===== Available records

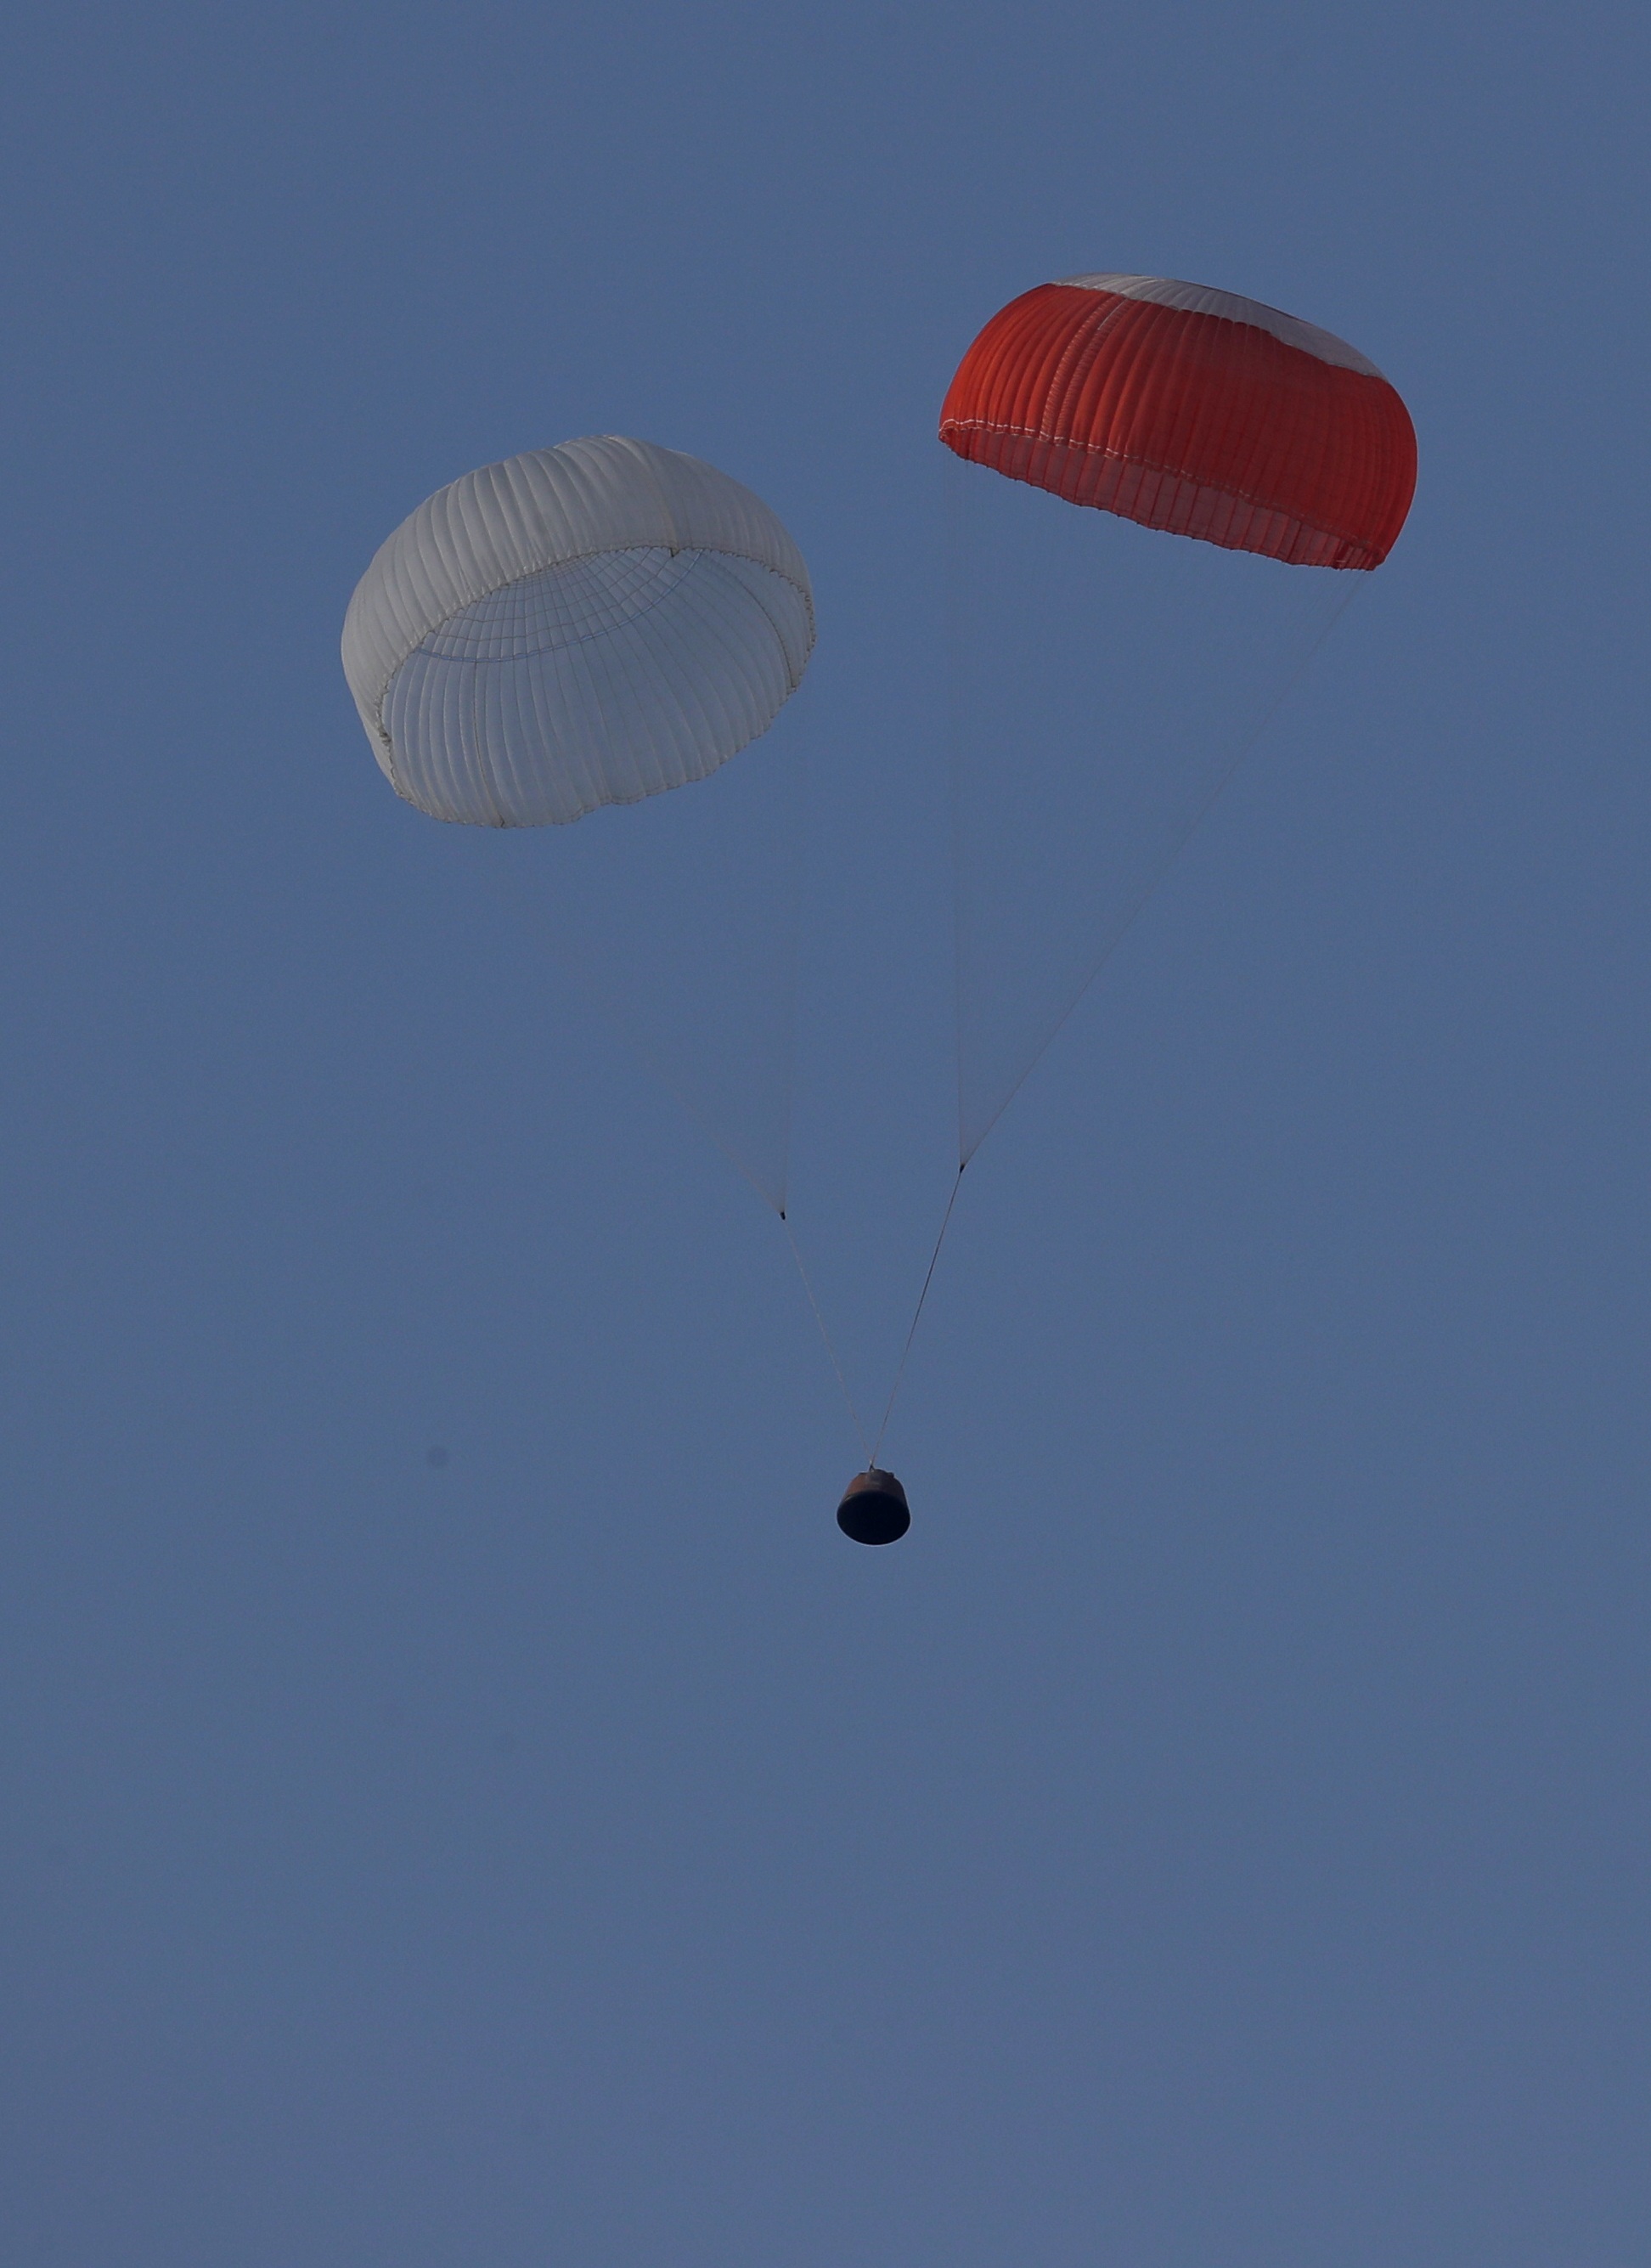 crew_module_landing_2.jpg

==========
===== Available records

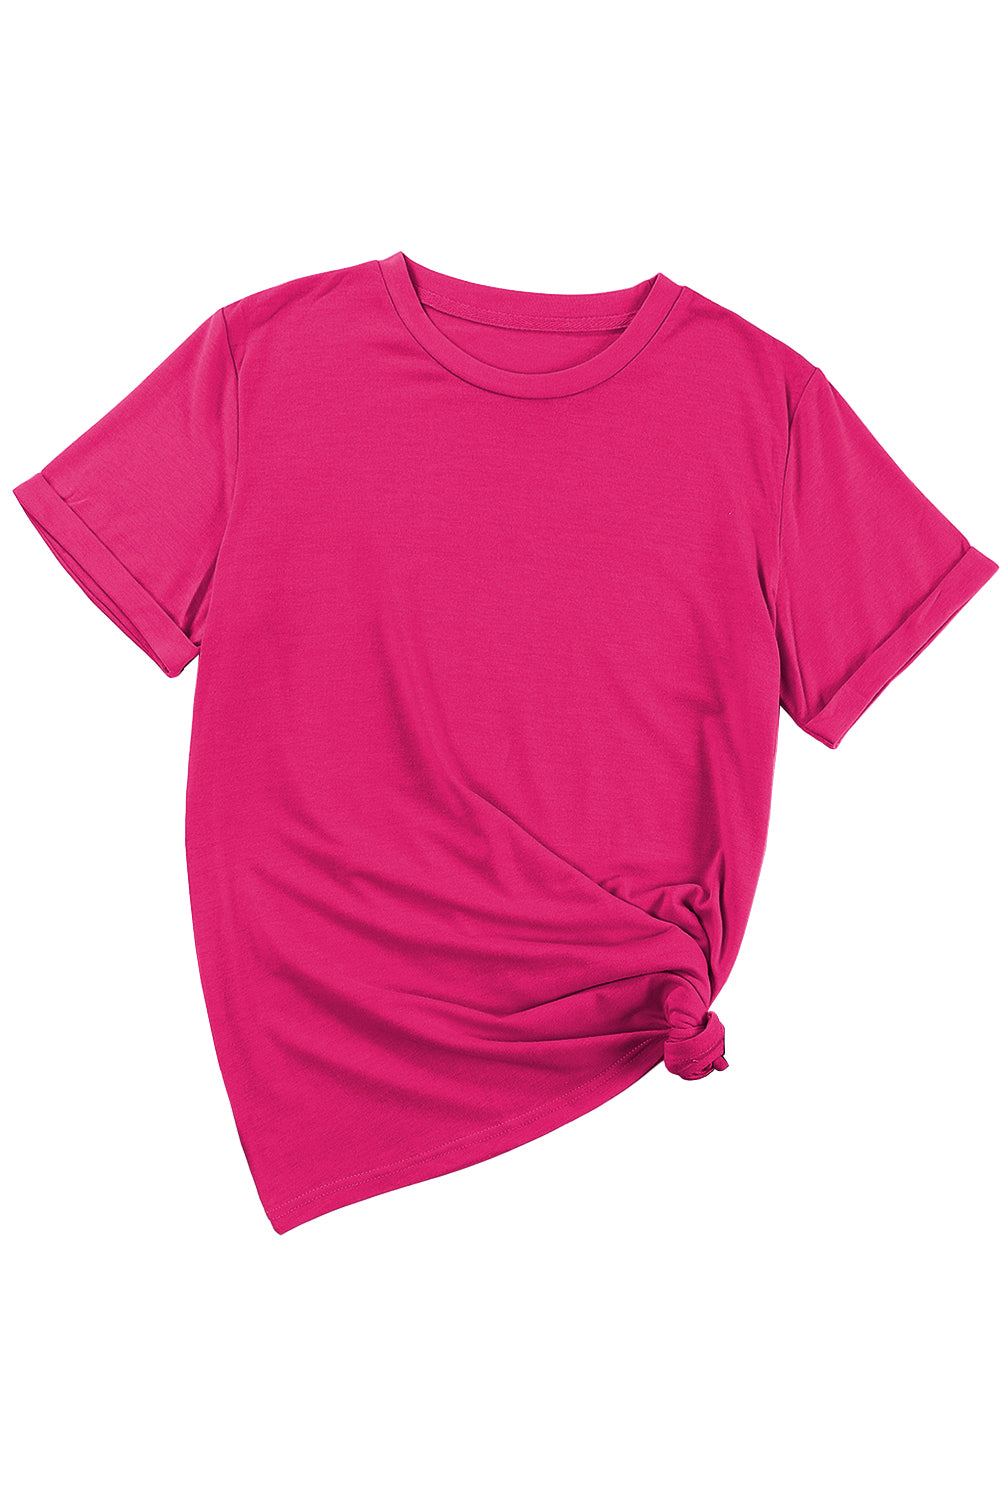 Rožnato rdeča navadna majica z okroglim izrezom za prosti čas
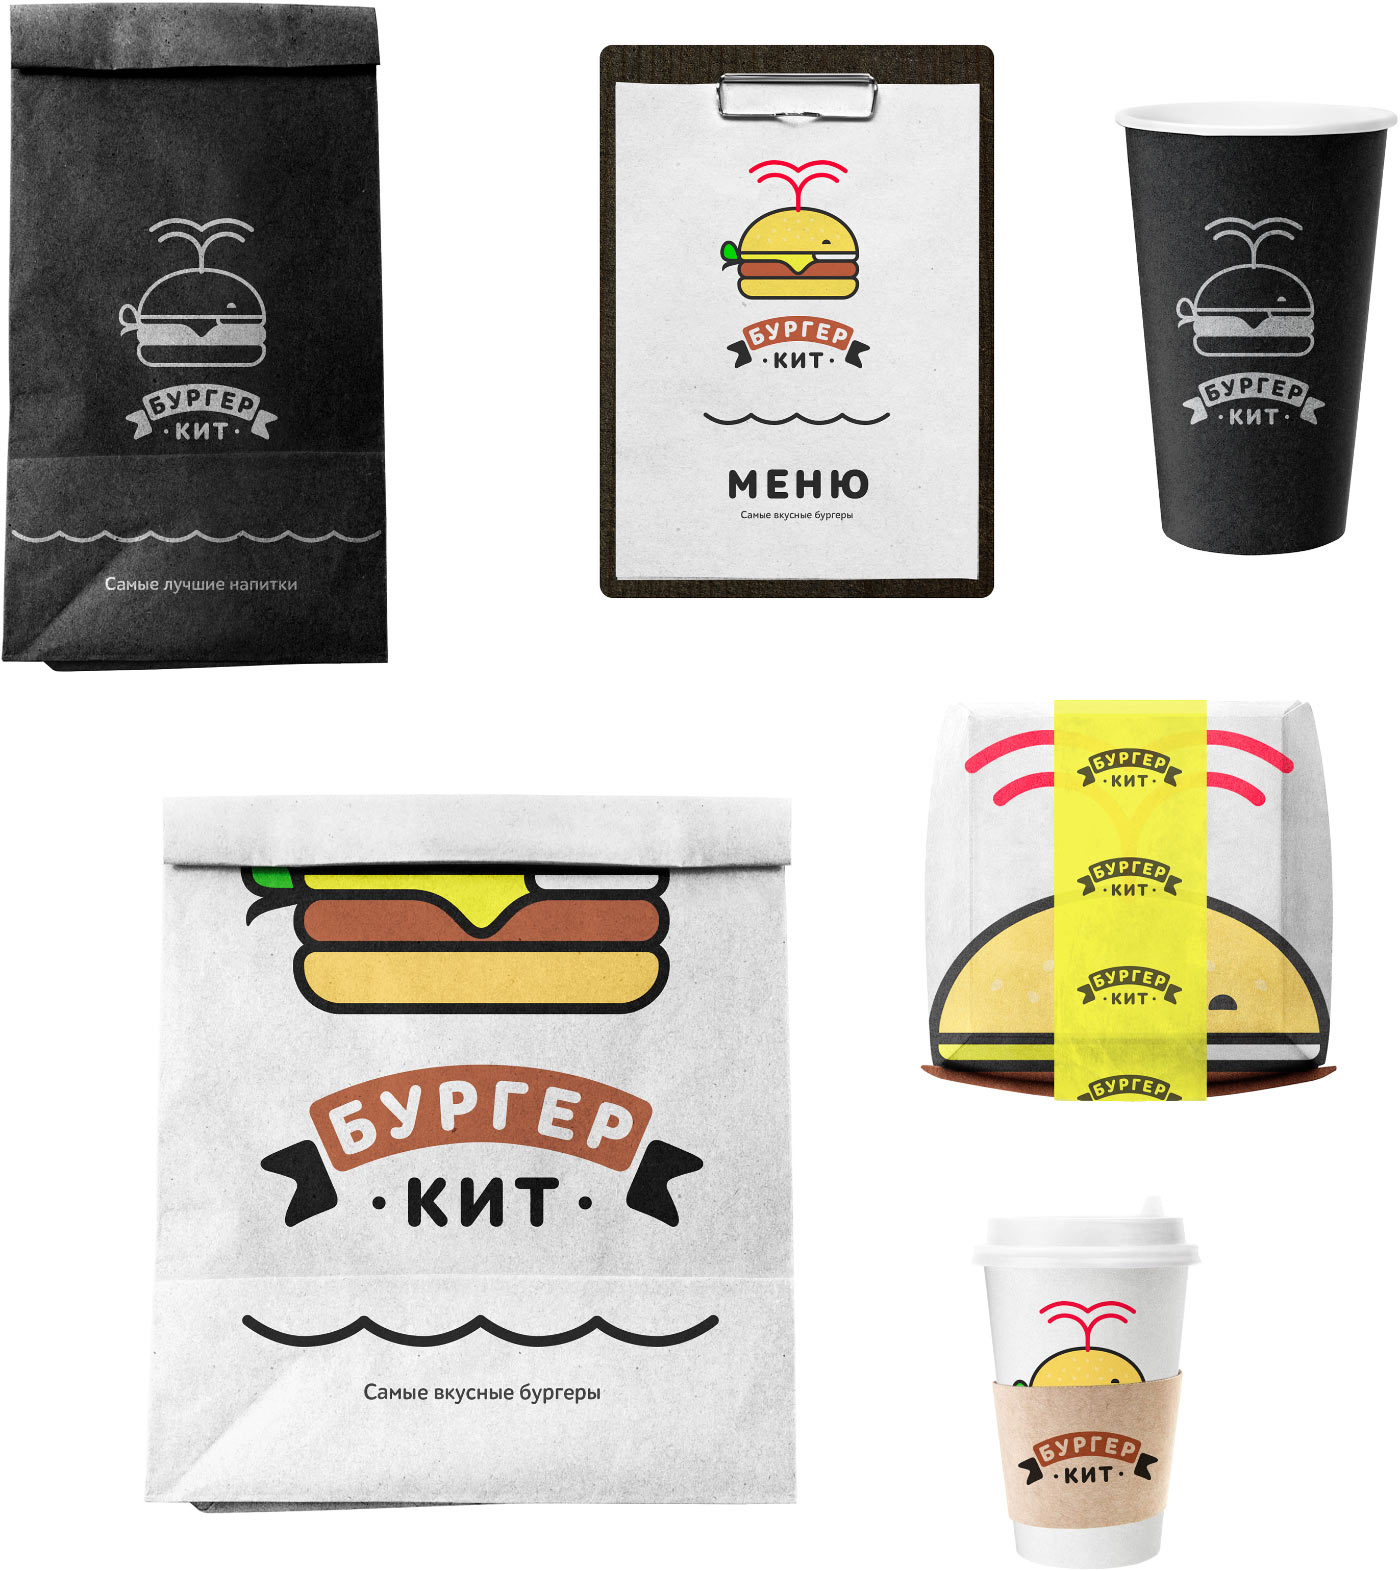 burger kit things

==========

_What is being asked_
The answer should consist only of the lines above from the one with "Rožnato rdeča navadna" through the one with "burger kit things", repeated exactly, with no pictures among them.

_Answer to the exercise_
 Rožnato rdeča navadna majica z okroglim izrezom za prosti čas
 burger kit things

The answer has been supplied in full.